We'll solve this via Serverless.yml.

  usersPost:
    handler: src/handlers/api/users.postUsers
    events:
      - http:
          method: post
          path: /api/users
          integration: lambda
          request:
            schema:
              application/json: ${file(src/schemas/newUser.json)}
          response: ### ADDED STUFF HERE
            headers: #1
              Content-Type: "'application/json'"
            statusCodes: 
               200: #2
                pattern: .*is already taken.*
                template: #3
                  application/json: ${file(src/errors/error-response-template.yml)}
               201: #4
                pattern: ''

  1. You can apply the below to one or several content types, my api will only use JSON so i'm leaving it at that. But FYI you can also have different responses and templates based on headers.
  2. We define that a 200 response code should be returned if the pattern matches the Regular Expression /.is already taken./g.
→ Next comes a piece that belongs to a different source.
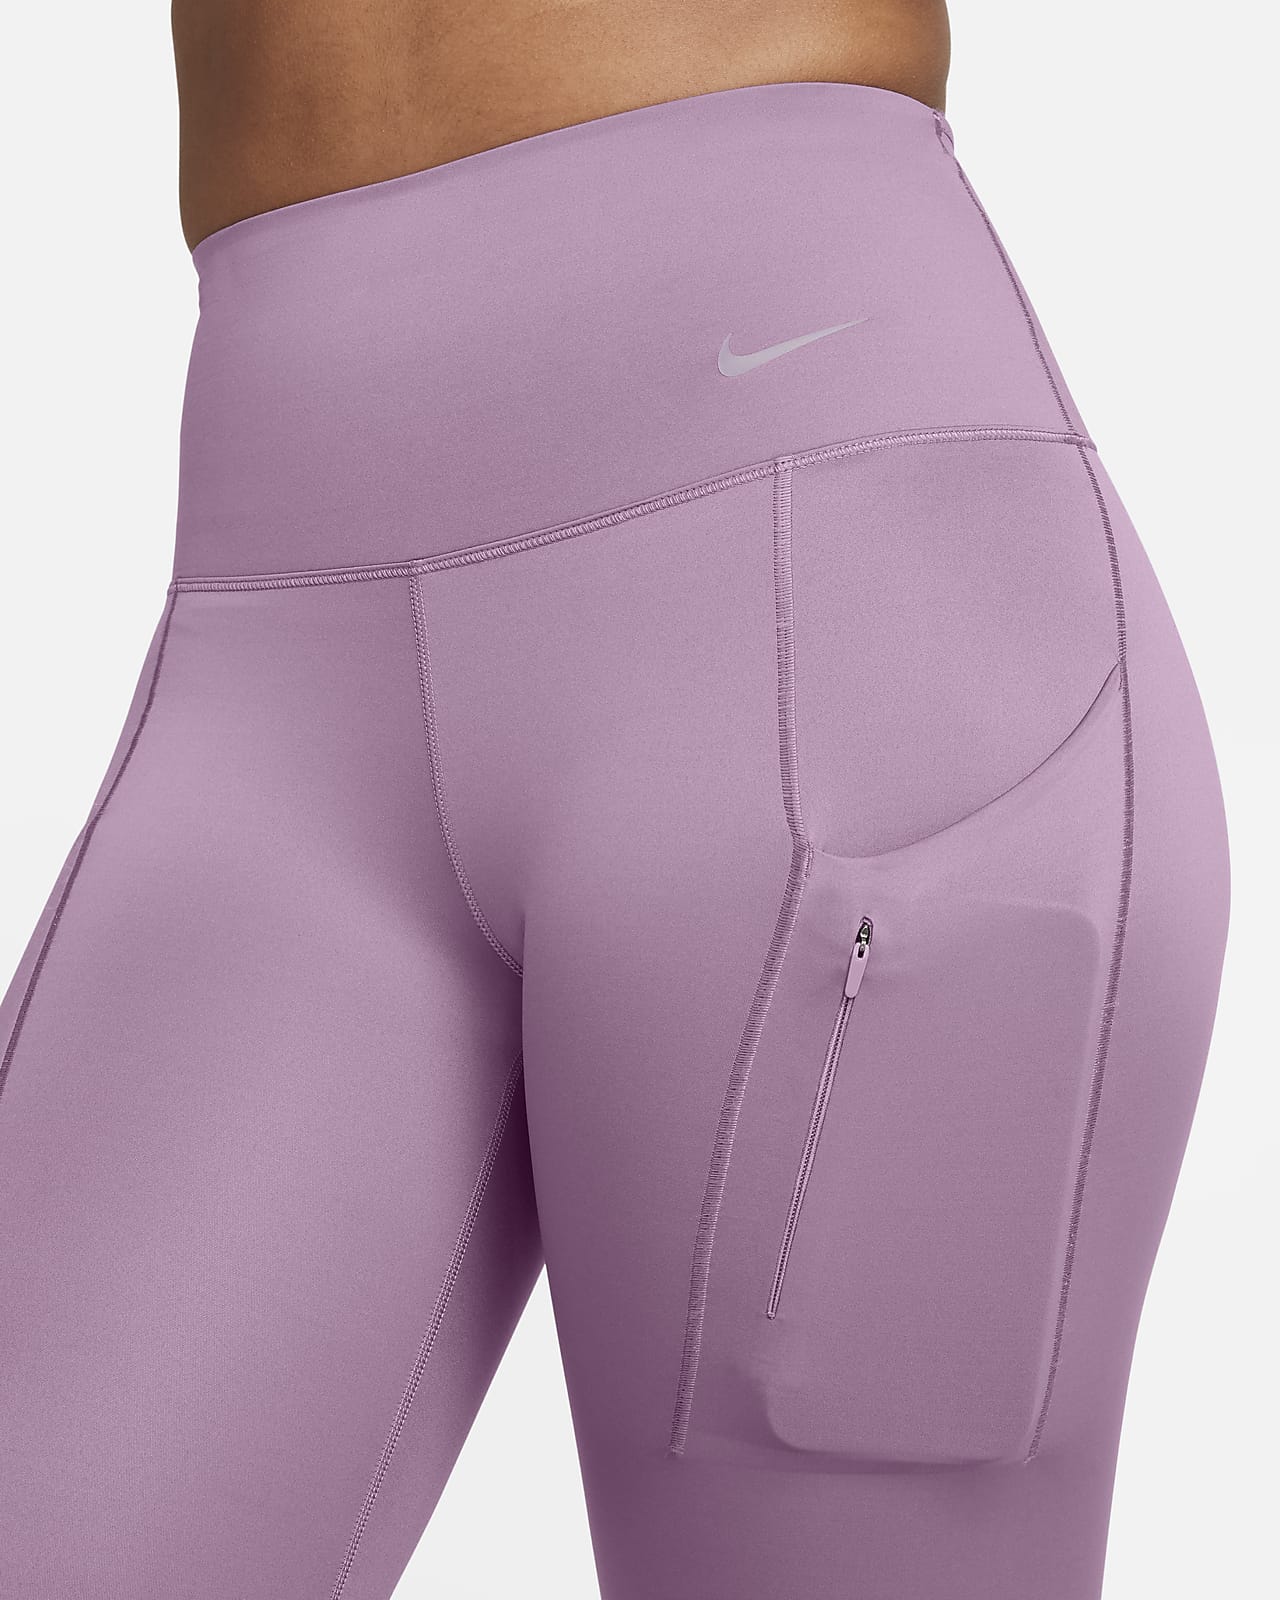 Nike Go Women's Firm-Support High-Waisted 7/8 Leggings with Pockets. Nike

The pattern will be tested against the errorMessage property of our lambdas return value, which as you might recall is what our Lambda will put the error message under for any uncaught error
  3. We want that 201 response to follow a particular pre-formatted template which we've defined in an external file. (I'll show you below)
  4. Here I'm changing the default non-error response code to 201 CREATED. Originally, the app returned 200 OK, however a POST where a user is successfully saved, created, should return 201. By applying the '' empty pattern, this will be the response whenever no other pattern has matched.

/src/errors/error-response-template.yml:

'{
  "message": $input.json("$.errorMessage")
}'

Will result in the below 200 OK reply:

{
 "message": "User validation failed: email: is already taken., username: is already taken."
}

No stack trace, no status 500.

You now have error handling of this this save() error that you can easily add to any api endpoint that uses save(). With just one function that doesn't matter so much, but as your application grows, being able to consistently and simply handle errors like this, away from your code, will be a boon to your productivity. You also have all your error codes documented in one place, so it's easy to see in one consistent place what different codes and errors your backend might return. Your frontend developer will appreciate this.
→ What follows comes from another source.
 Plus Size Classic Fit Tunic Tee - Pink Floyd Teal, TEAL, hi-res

If throwing your own error you could do something like this:

throw new Error(JSON.stringify({code: '[422]', someProperty, someVar, otherUsefulInfo}))
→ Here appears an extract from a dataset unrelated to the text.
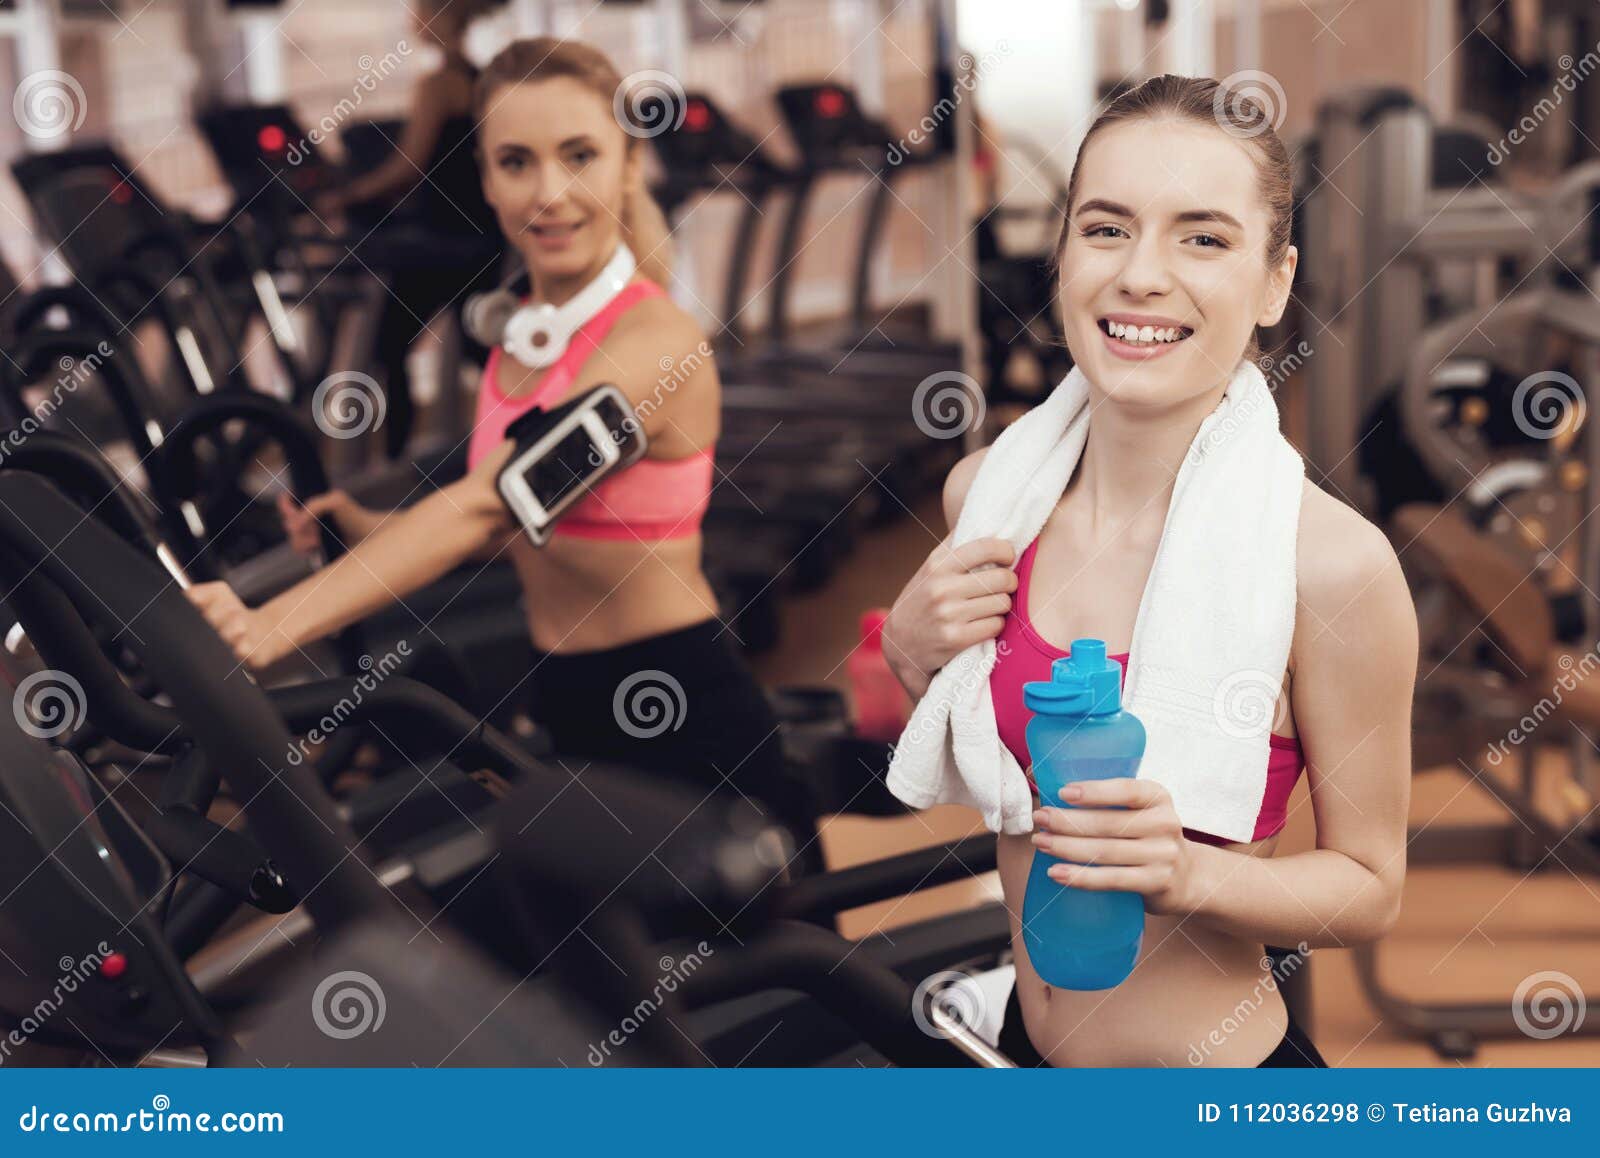 Mother and Daughter Drinking Water on Treadmill in Gym. they Look Happy ...

And have that handled by a standard code 422 template with any variables you include accessible by the template. So the error-response-template.yml is more powerful than what we've used it for so far. And you can do a lot more with it in order to format a good response. We'll get to that in later parts when we build on this powerful error handling strategy further :)

Checkout the aws docs for reference on mapping template variables

Next Steps & Final Code

const mongoose = require('mongoose')
mongoose.connect(process.env.MONGODB_URI)
require('../../models/User')
const User = mongoose.model('User')

module.exports.postUsers = async (event, context) => {
  const user = new User()

  user.username = event.body.user.username
  user.email = event.body.user.email
  user.setPassword(event.body.user.password)

  await user.save()

  return { user: user.toAuthJSON() }
}

Checkout the final code from this tutorial in the Github Repo. I also recommend checking out the previous part if you want a full understanding of how to run real world apps serverlessly:

In part 5 of this tutorial I'm going to continue refactoring the Users part of the API. Specifically, I'm going to deal with authentication and authorization. Currently, that's all tangled up with our code and endpoints and I want to do it with an authorizer function instead.

Generally what I'm doing here is doing less and less things in code, and more in configuration. By configuring instead of coding the boring stuff that all apps need, those things can be done much quicker for your apps - and the deployment is taken care of.